● **Material provided**
-- -- --

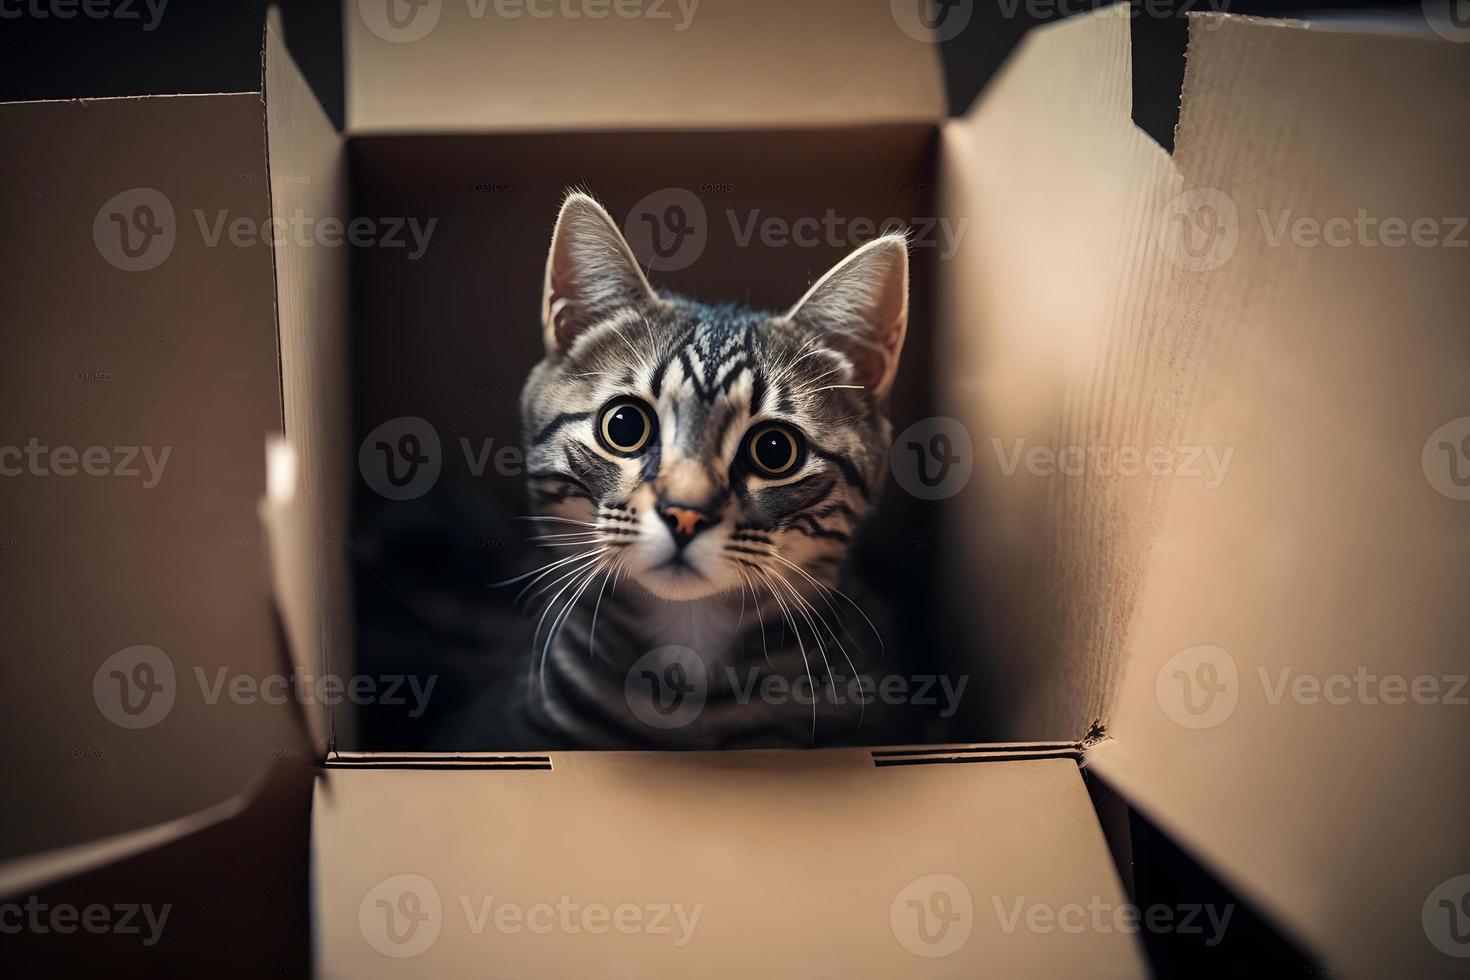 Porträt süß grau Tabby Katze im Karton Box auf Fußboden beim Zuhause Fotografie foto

-- -- --

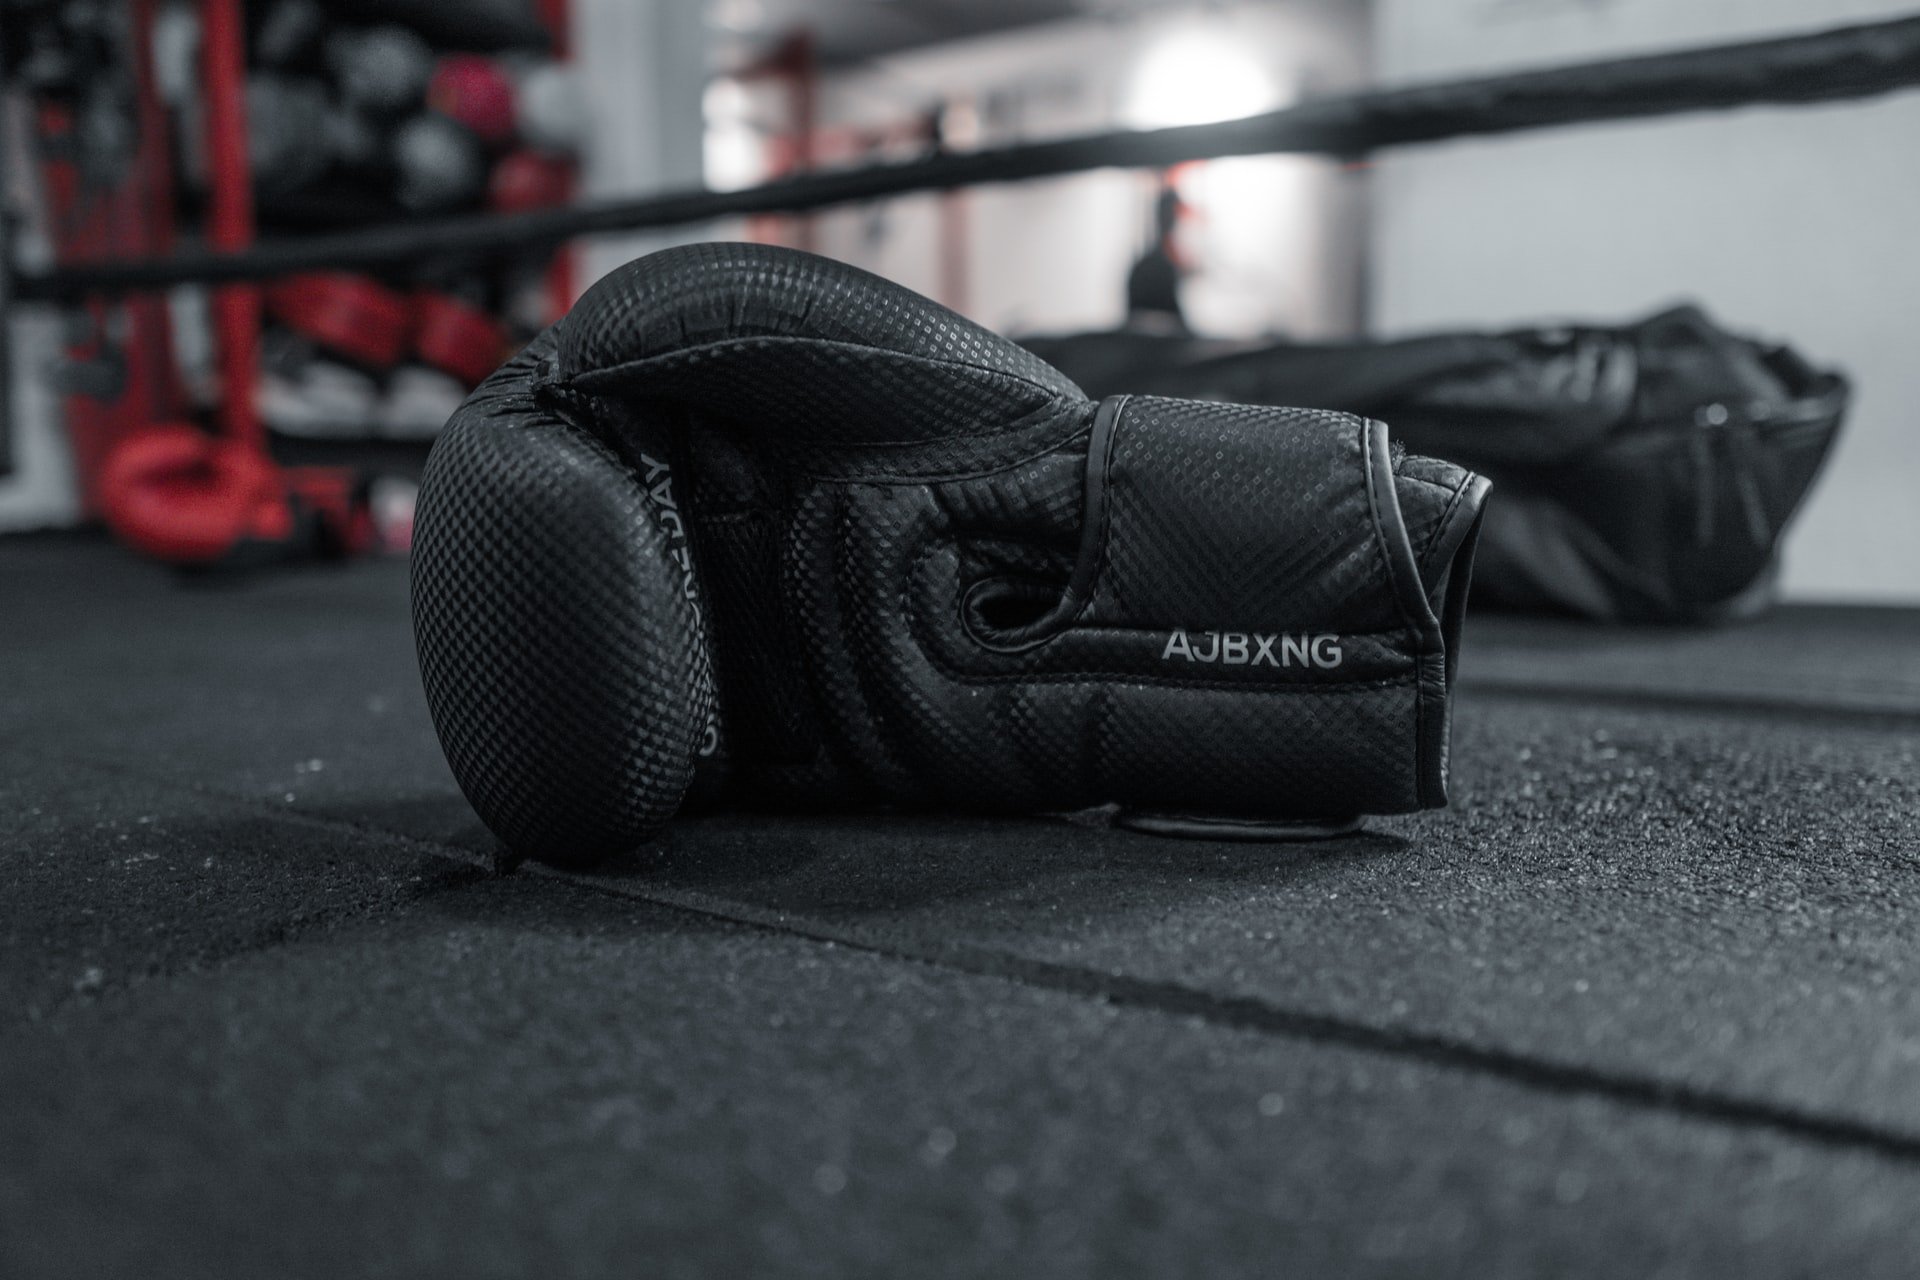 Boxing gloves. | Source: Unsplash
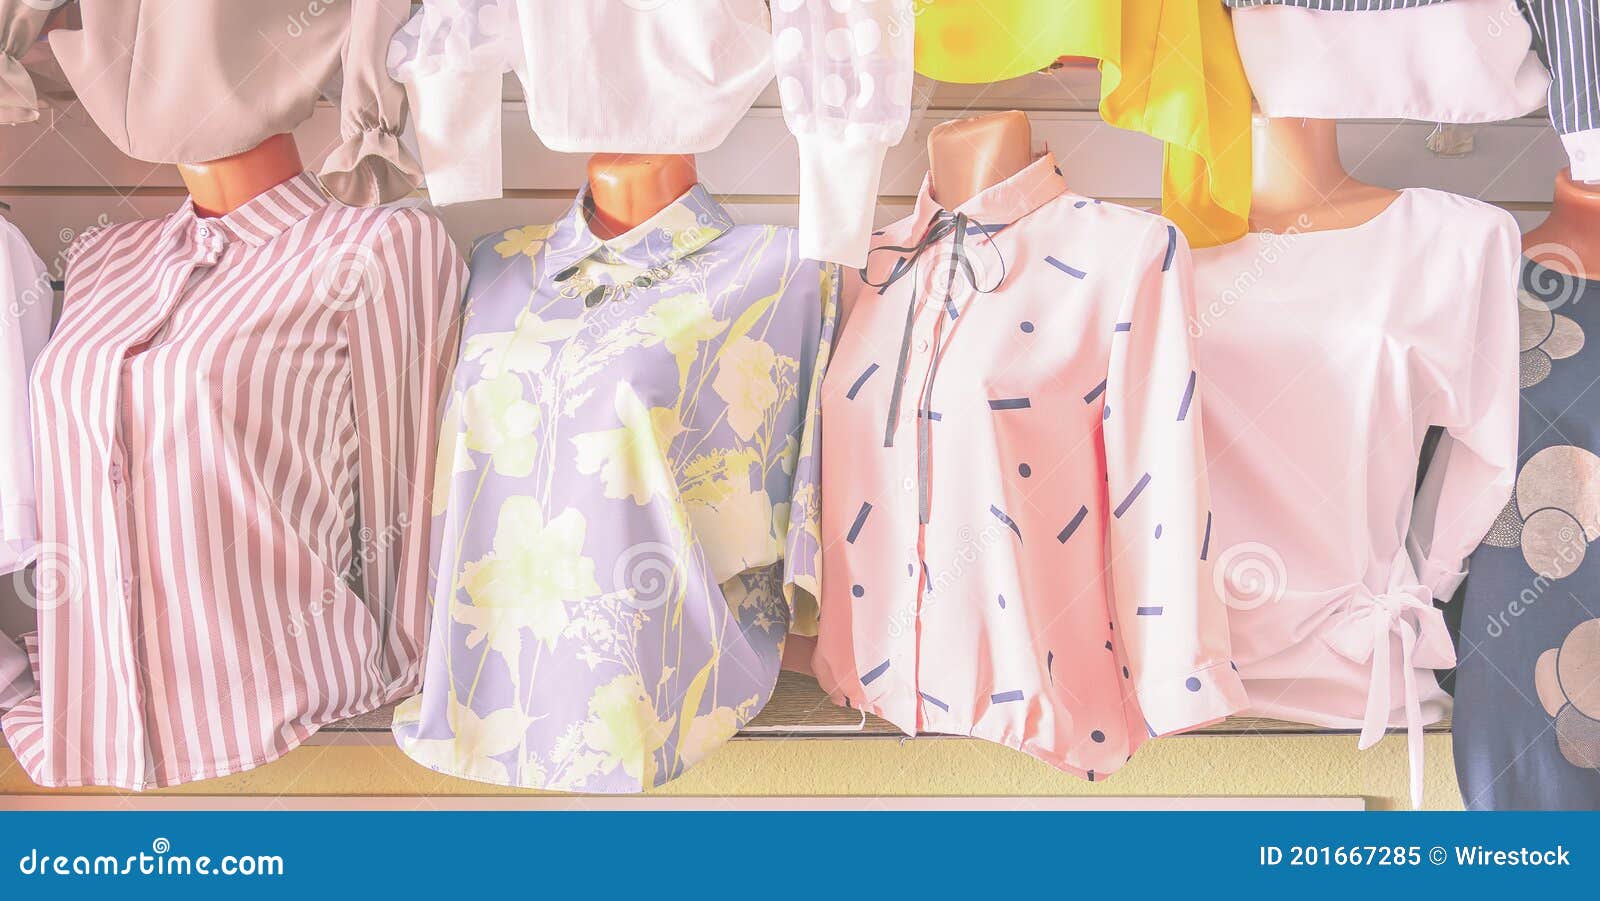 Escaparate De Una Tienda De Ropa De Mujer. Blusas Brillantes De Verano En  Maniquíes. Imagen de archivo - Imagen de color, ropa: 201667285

-- -- --

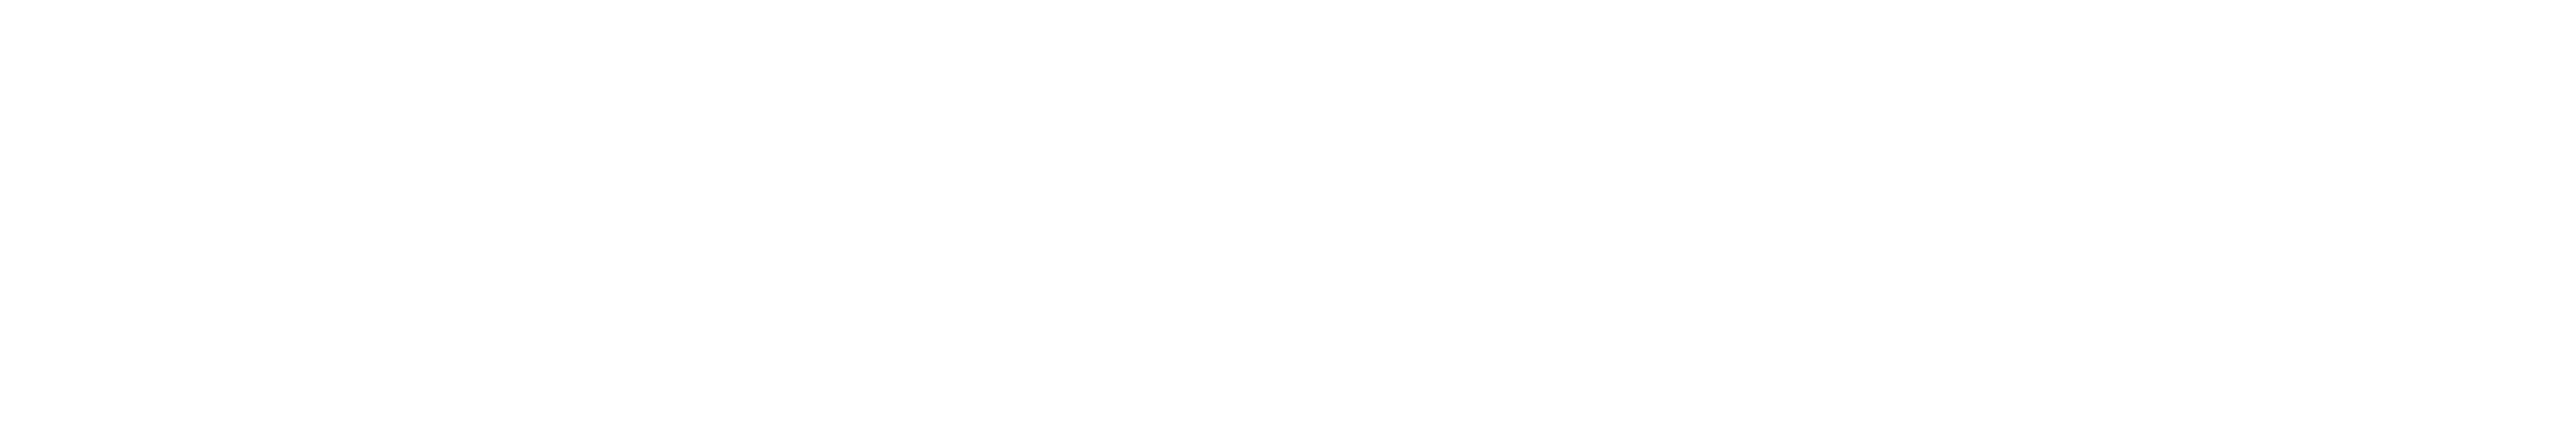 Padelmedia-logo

-- -- --

● **What to work on**
From the records above, copy exactly the stretch from the line holding "Boxing gloves. | Source: Unsplash" through the line holding "Escaparate De Una", both ends included, without the pictures.

● **Exercise result**
 Boxing gloves. | Source: Unsplash
 Escaparate De Una Tienda De Ropa De Mujer. Blusas Brillantes De Verano En  Maniquíes. Imagen de archivo - Imagen de color, ropa: 201667285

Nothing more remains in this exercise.